## [How to complete this task]
In your copy of the data, keep every word exact and include no pictures.

## [Stored data]
* * *

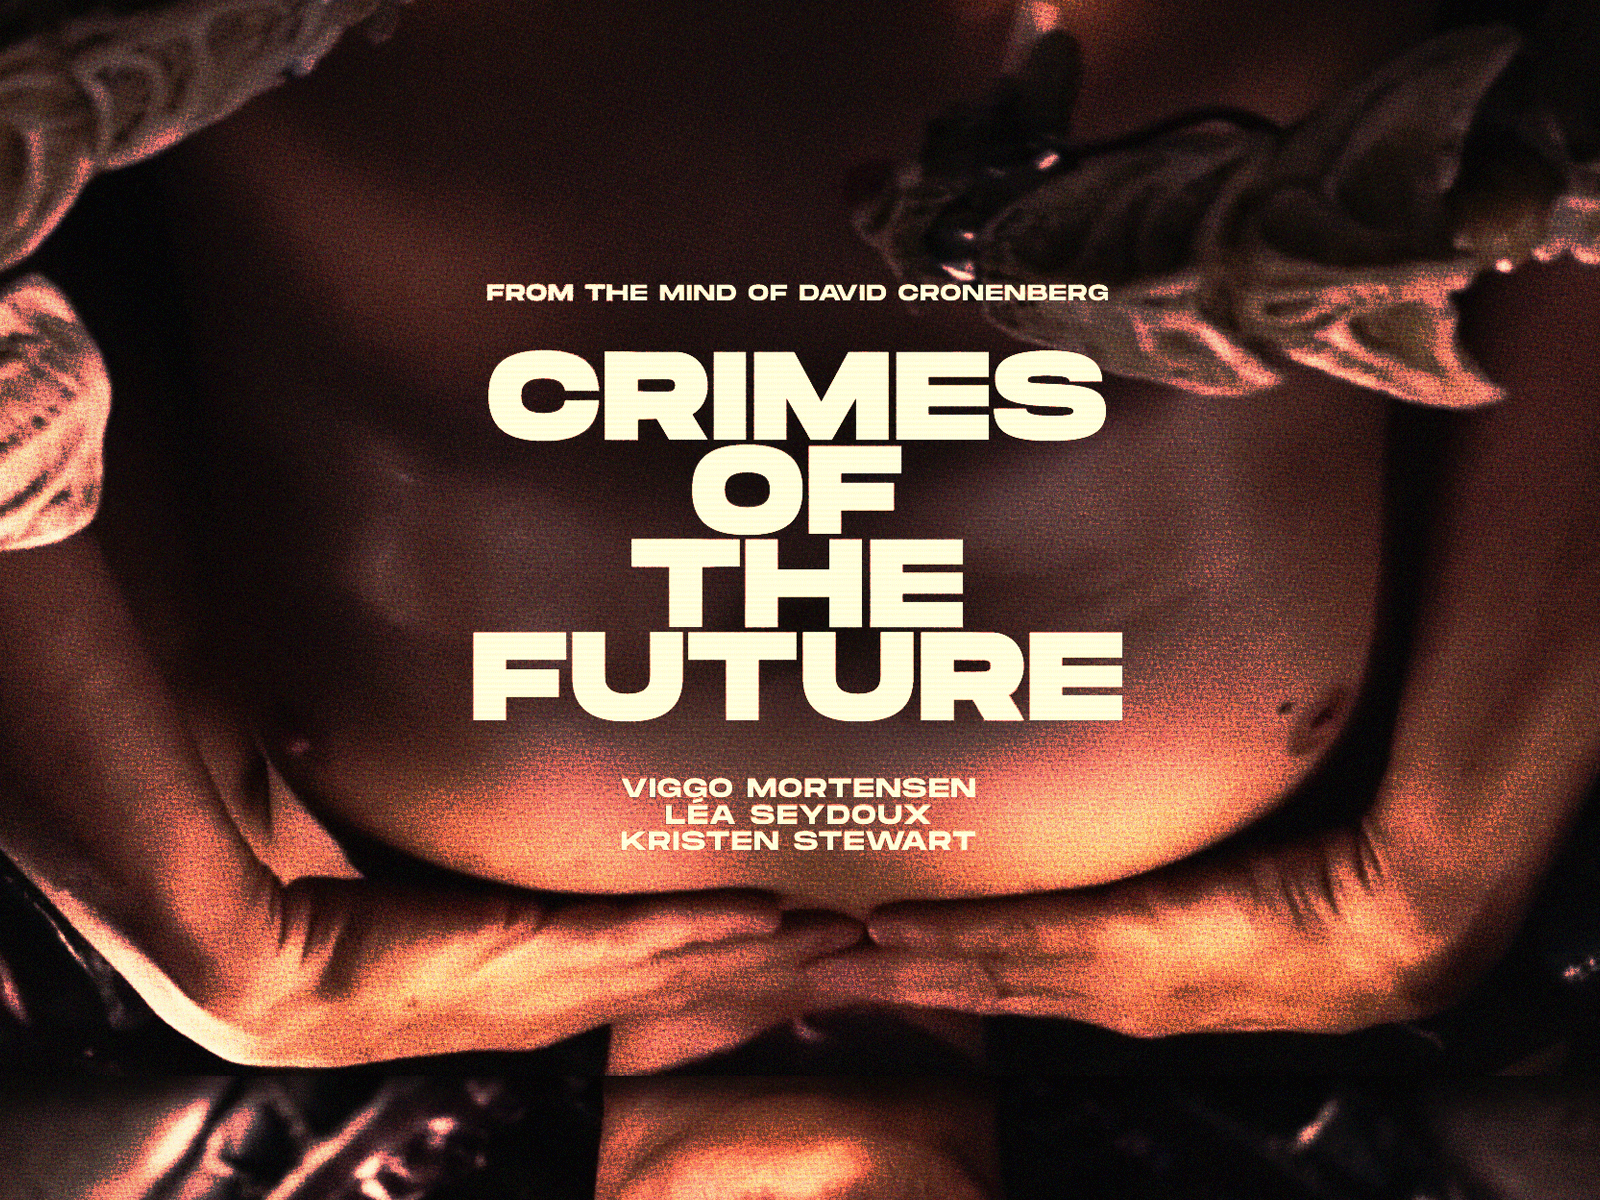 Crimes of the Future body horror david cronenberg future horror key art movie poster movie posters poster poster design posters
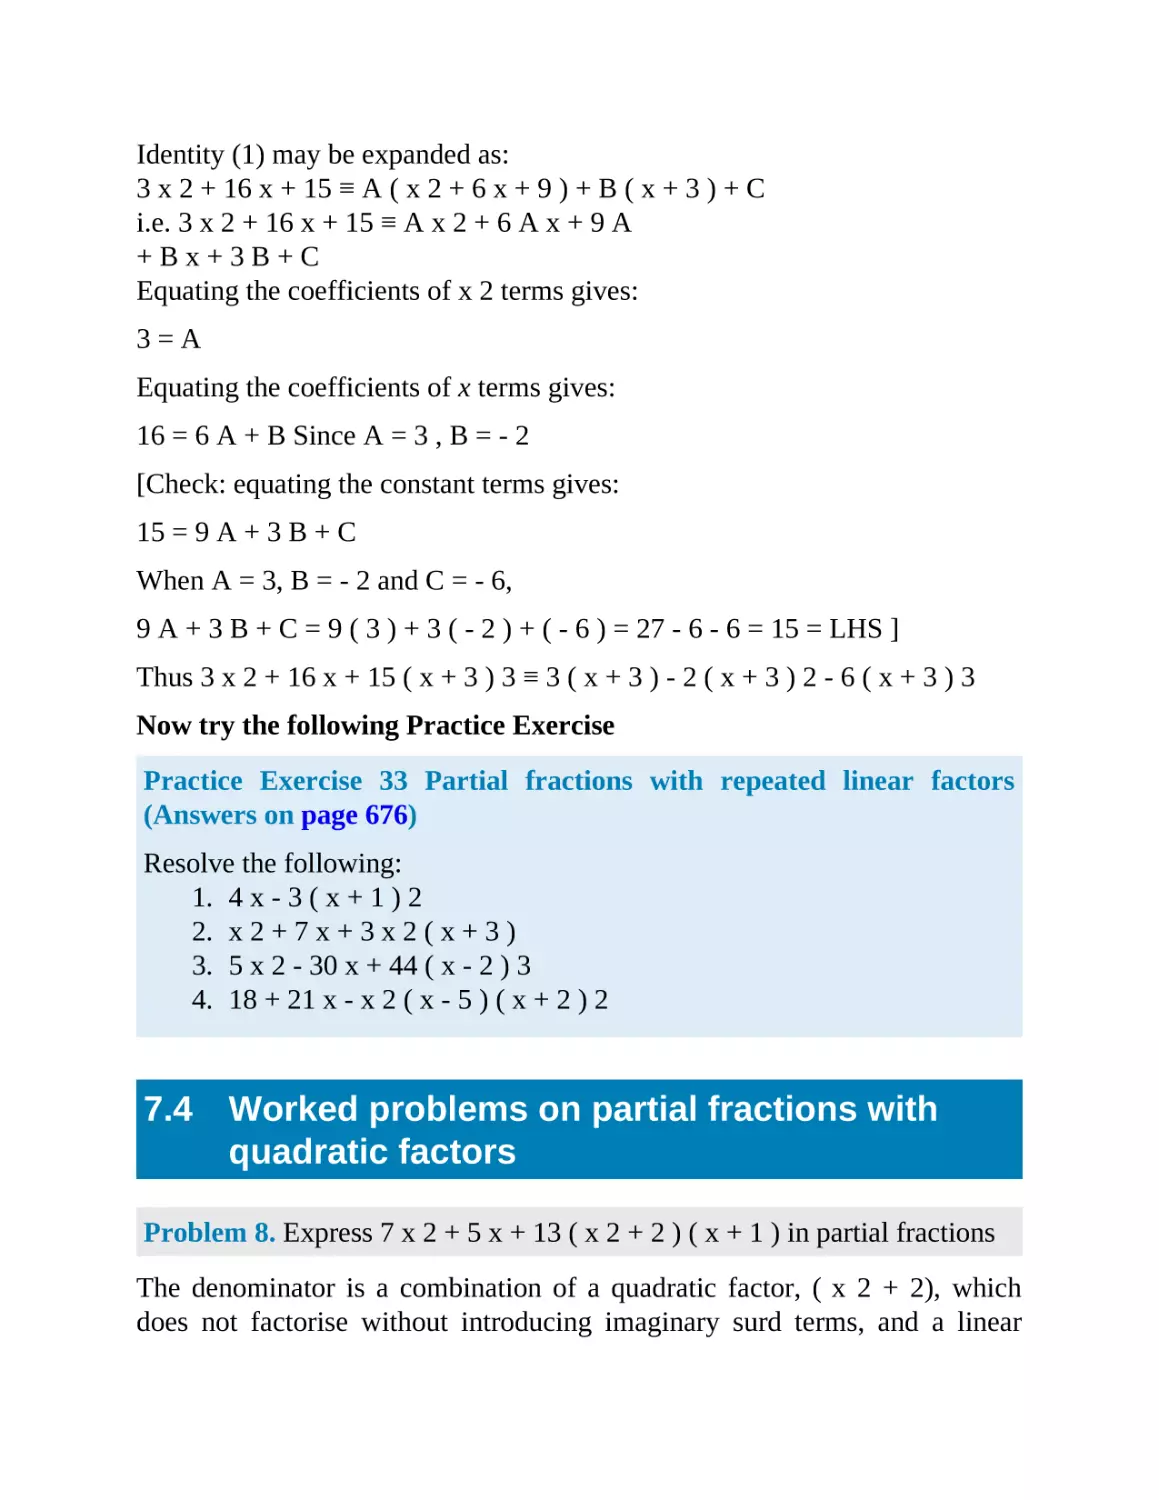 7.4 Worked problems on partial fractions with quadratic factors
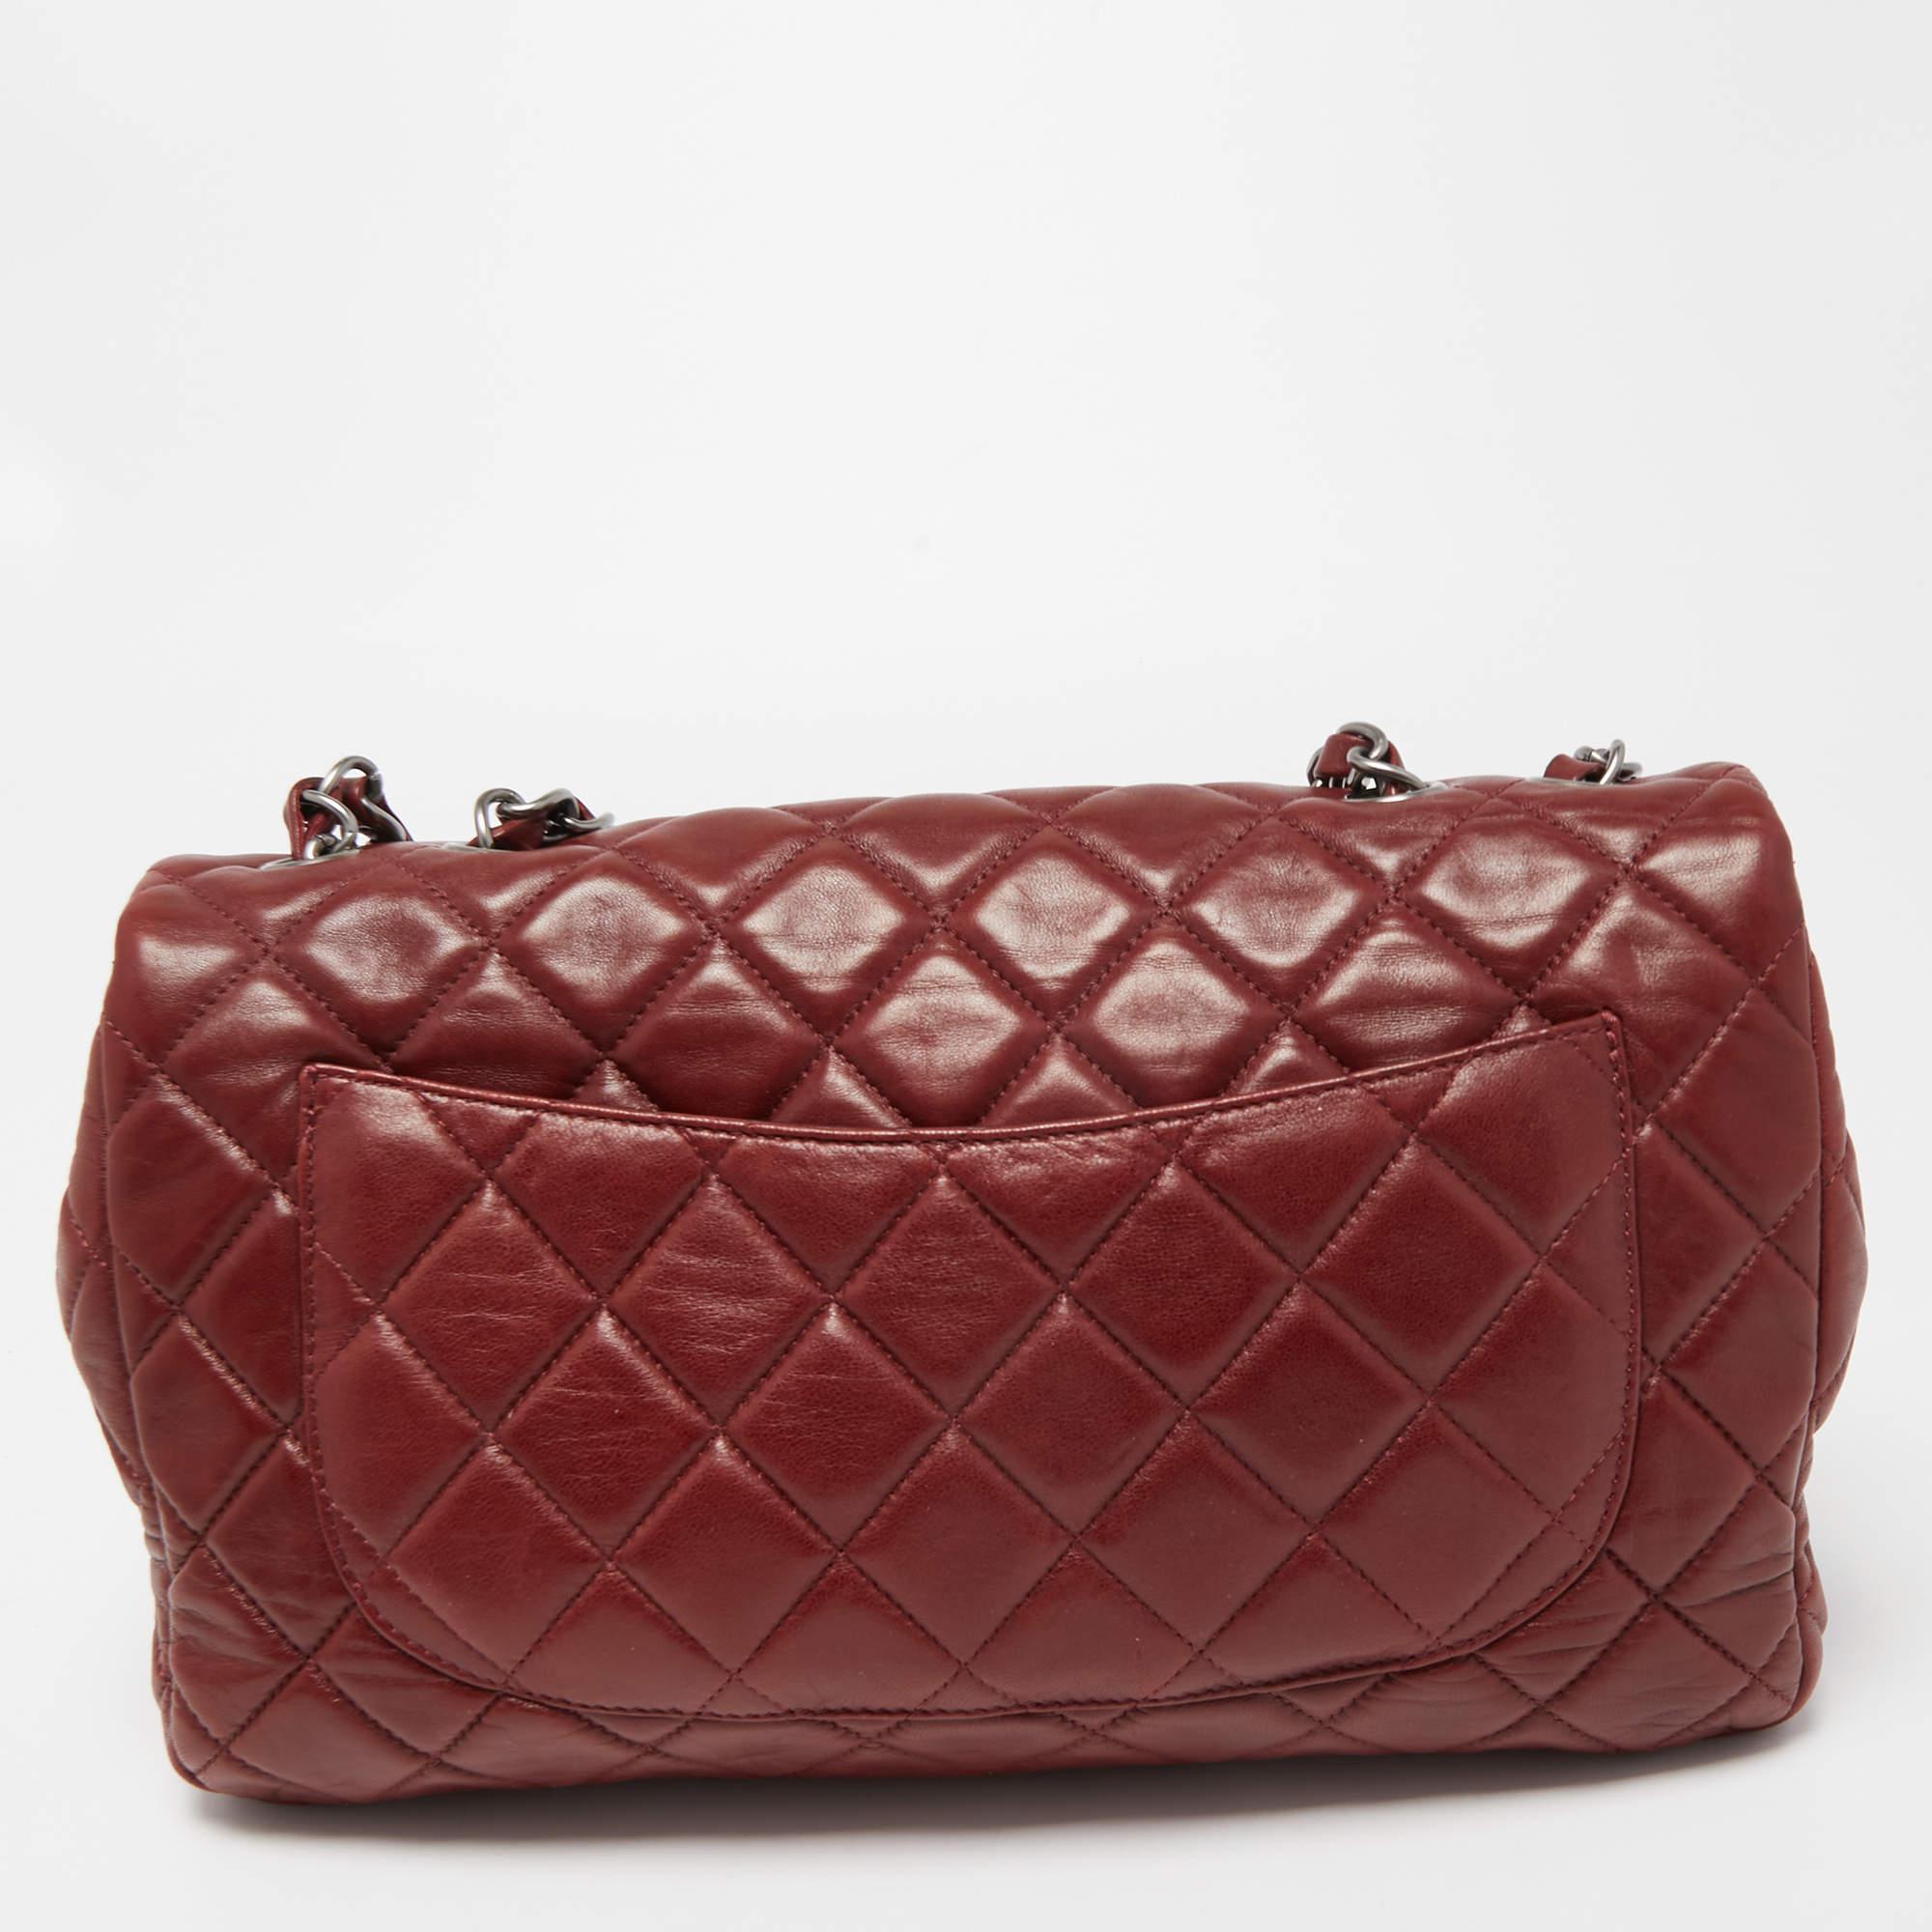 Chanel Red Quilted Leather Jumbo Classic Single Flap Bag In Good Condition For Sale In Dubai, Al Qouz 2

* * *

## [Finished task]
 Crimes of the Future body horror david cronenberg future horror key art movie poster movie posters poster poster design posters
 7.4 Worked problems on partial fractions with quadratic factors
 Chanel Red Quilted Leather Jumbo Classic Single Flap Bag In Good Condition For Sale In Dubai, Al Qouz 2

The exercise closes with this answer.